Primavera se movió más rápido de lo que jamás se había movido en batalla.

Agarró un vaso. Menta. Azúcar. Lima. Ron. Soda.

Machacó. Mezcló. Sirvió.

Sostuvo el vaso contra los labios de Ophelia.

Ophelia tomó un sorbo.

Sus ojos brillaron una última vez.

—Ácido —susurró Ophelia—. Refrescante. Lo apruebo.

Recostó la cabeza contra la silla. Miró al techo, pero parecía estar viendo algo más. Un tritón con armadura dorada, sosteniendo un anillo, empapado.

—Está bien, Etienne —respiró Ophelia—. Ya voy.

Cerró los ojos.

La luz se expandió. No fue violento. Fue suave, cálido y plateado. Llenó la cocina, envolviendo a Primavera como una manta.

Primavera jadeó. Sintió una oleada de calor, una inundación de recuerdos que no eran suyos: el sabor de la tierra, el sonido de un tridente golpeando un escudo, el olor del mar en la Primera Era.

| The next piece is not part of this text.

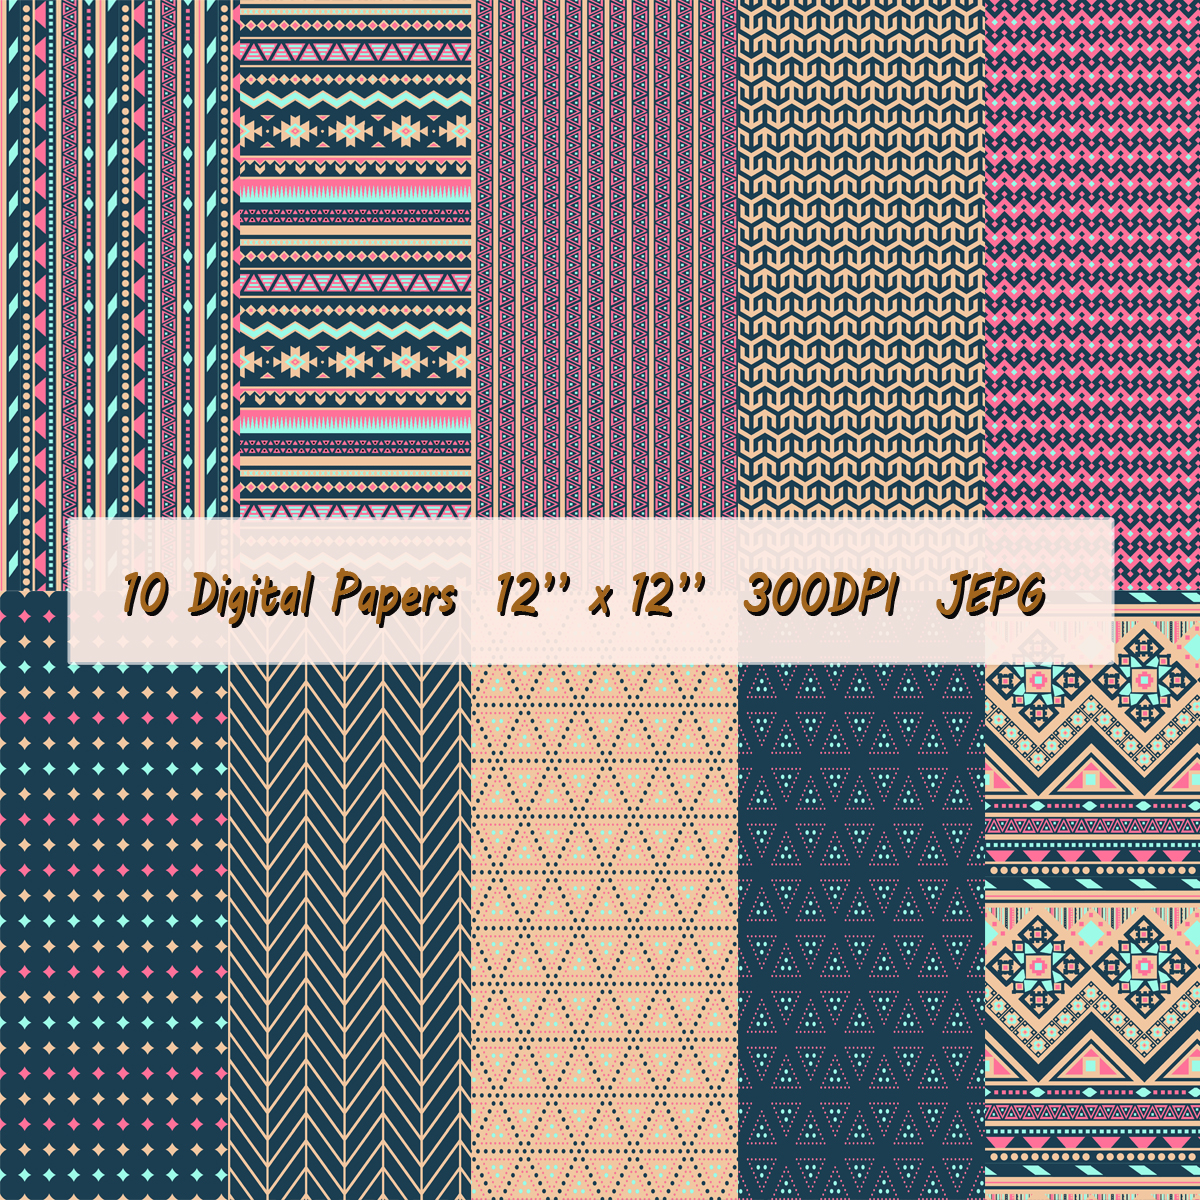 Digital Paper Including Aztec Patterns And Geometric Models In Vibrant Colors: Pink, Dark Blue And Tan, Background,jpeg

Y entonces, la luz se desvaneció.

La silla estaba vacía. La chaqueta de cuero y las botas quedaron atrás.

Pero Primavera…

Primavera abrió los ojos.

Ya no eran solo plateados. Eran Plateados con un anillo de Azul Océano Profundo.

Detrás de ella, nueve colas se desplegaron. No las colas translúcidas de mana que normalmente invocaba. Sino nueve colas físicas, esponjosas, majestuosas y plateadas.

Respiró profundamente. No se sentía vacía. Se sentía completa.

—¿Prim? —preguntó Caspian, dando un paso adelante.

Primavera lo miró. Sonrió. Era la sonrisa de Primavera, pero había un borde afilado y descarado que no estaba allí antes.

—Estoy aquí —dijo. Su voz resonó ligeramente, superponiendo dos tonos en uno.

Recogió el vaso de Mojito que Ophelia había dejado. Lo terminó de un trago.

—Necesita más azúcar —declaró Primavera.

Se puso de pie, sus nueve colas balanceándose hipnóticamente.

—Muy bien, familia. Nada de lamentos. La abuela odia los lamentos. ¿Quién quiere cenar?